The NMFS approach should include as its centerpiece stakeholder education and assistance with MFR design and management. Stakeholders should include all fishers (recreational, commercial, artisanal), other related federal agencies such as NOS Marine Sanctuaries Program, regulators, scientists, and the general public. We present the following recommendations to NMFS:

1. NMFS should acknowledge Marine Reserves as a major issue and management tool. In doing so, NMFS should examine its allocation of staff who are facilitating MFR discussion and outreach. Because staffing is likely to be a problem, we suggest NMFS fully investigate and utilize alternative sources of expertise including but not limited to:

* Interagency collaborations (Councils, Commissions, States, etc.)

* Internships (Universities)

* Volunteers (general public)

* Consultant contracts

2. NMFS should collaborate with other groups to develop commonly accepted definitions of the terms "reserve," "refuge," "sanctuary," "closed area," "protected zone," etc.

3. NMFS should synthesize information and make it available for use by Councils / Commissions / Territories / States / local groups to facilitate their discussion of MFRs.
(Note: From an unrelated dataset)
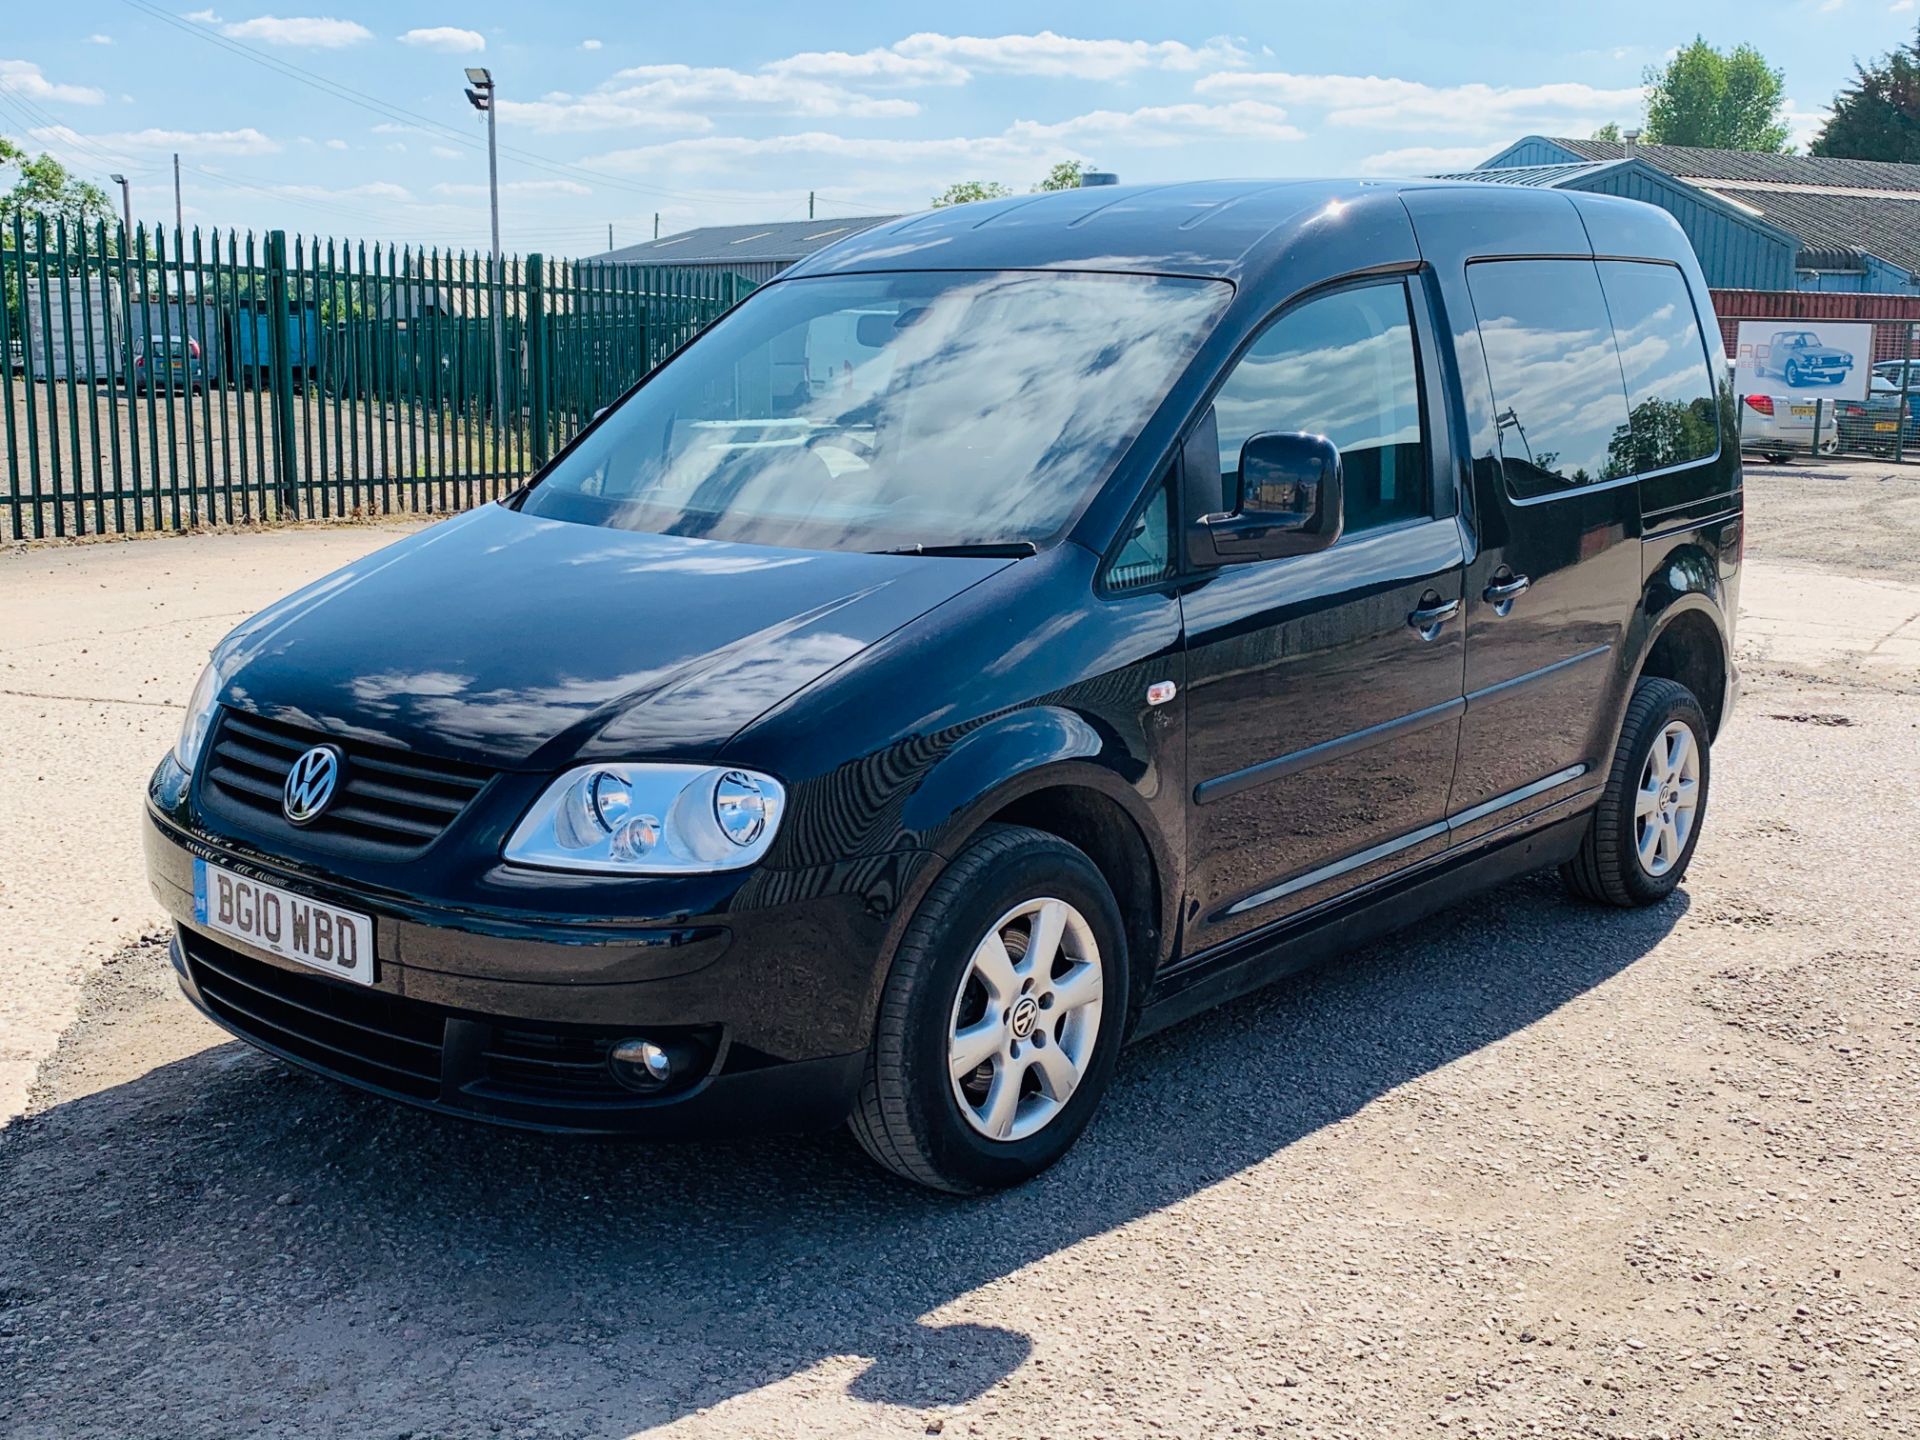 VOLKSWAGEN CADDY 1.9TDI "LIFE" DSG AUTO - WHEELCHAIR / DISABLED DRIVER VEHICLE -1 KEEPER - 42K MILES - Image 16 of 20

In particular the information should include -

* Definitions of terms

* Synthesis of data, results, and effects of MFRs for the purposes of stakeholder education and collaboration prior to creation of MFR regulations.
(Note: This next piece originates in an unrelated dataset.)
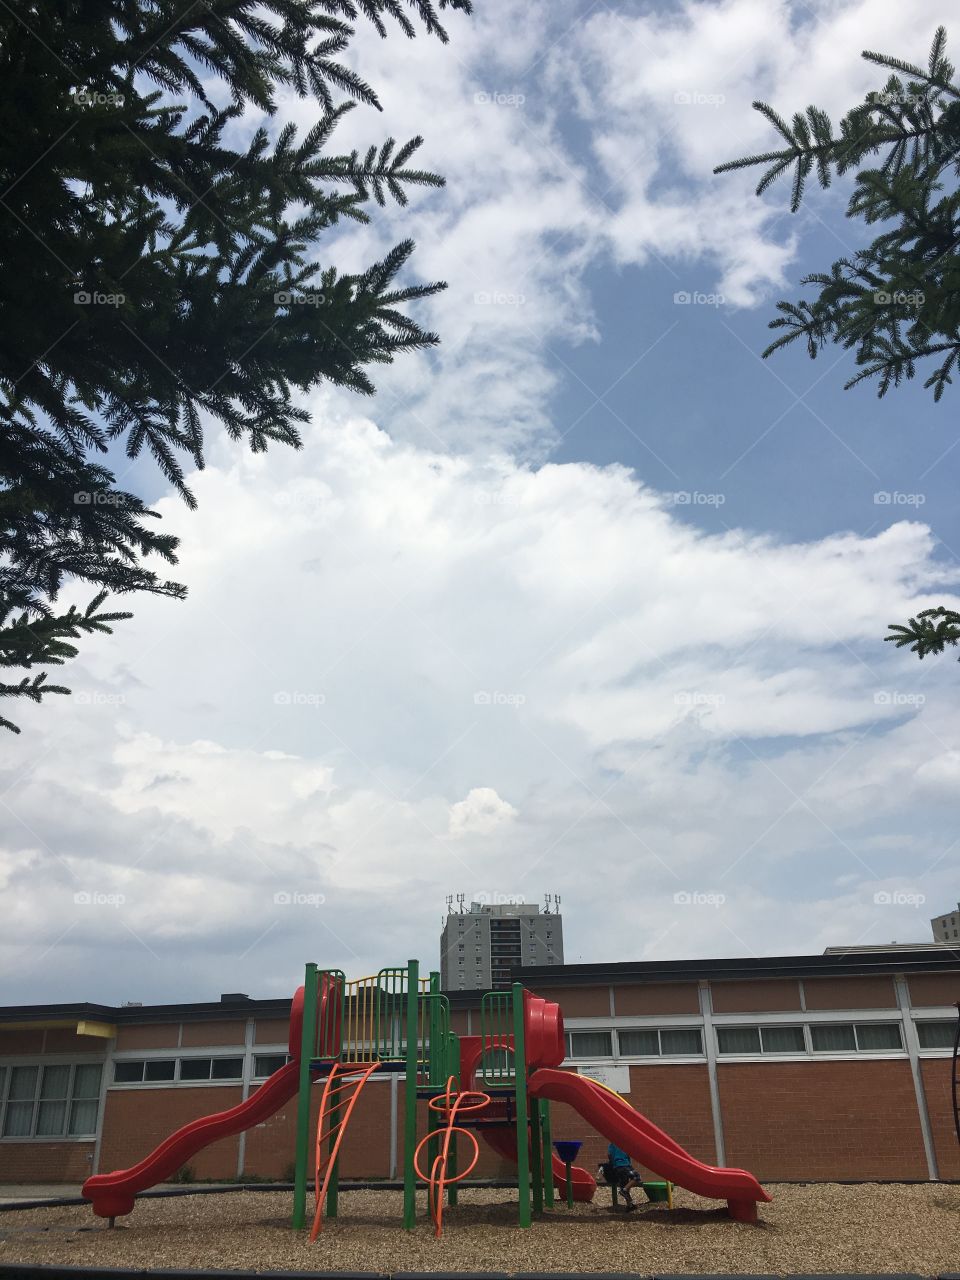 Clouds above the play ground

4. NMFS should further work with the groups listed above to -

* Identify the current overall extent of no fishing areas (military, disposal, no take, etc.) as a baseline for coordinating and evaluating the need for MFRs, and in particular, for each major coastal region synthesize information on existing closures, regulations, and other management practices that serve as the basis for de facto reserves

* Facilitate processes that are pro-active and characterized by a bottom-up approach and that involve input from stakeholders at all levels

* Develop features that are customizable by region and that allow for dynamic problem solving

* Develop inter- (& intra-) agency collaborations that address issues related to MFRs such as NPS pollution (Dept. of Agric.), sedimentation (EPA), community ecology concerns (USFWS), communication cable siting (FCC), fishing by users from other territories (Territorial Governments, fishing associations), dredge spoils (COE), other broad issues of regulation and enforcement (NOAA Sanctuaries, wildlife refuges, national parks), etc.

* Collect and disseminate information relating to performance of MFRs, including both scientific evidence and testimonials of large and small scale fishers (domestic and global)

* Characterize essential selection criteria (biological, economic, and sociological)

* Focus on intact ecosystems

* Develop information on the complexity of non-fishing factors that also affect fish habitat and include examination of activities that would affect biodiversity within MFRs

* List expected outcomes that can be quantified in terms of both positive and negative socioeconomic and environmental results

* Outline conditions that define when an MFR might be terminated after having completed the job for which it was established

NMFS should take full advantage of the five year Sanctuary Review and the National Marine Sanctuary Act Reauthorization that currently are underway. In particular, NMFS should look for disjunctions between Federal and State/Territorial management relations.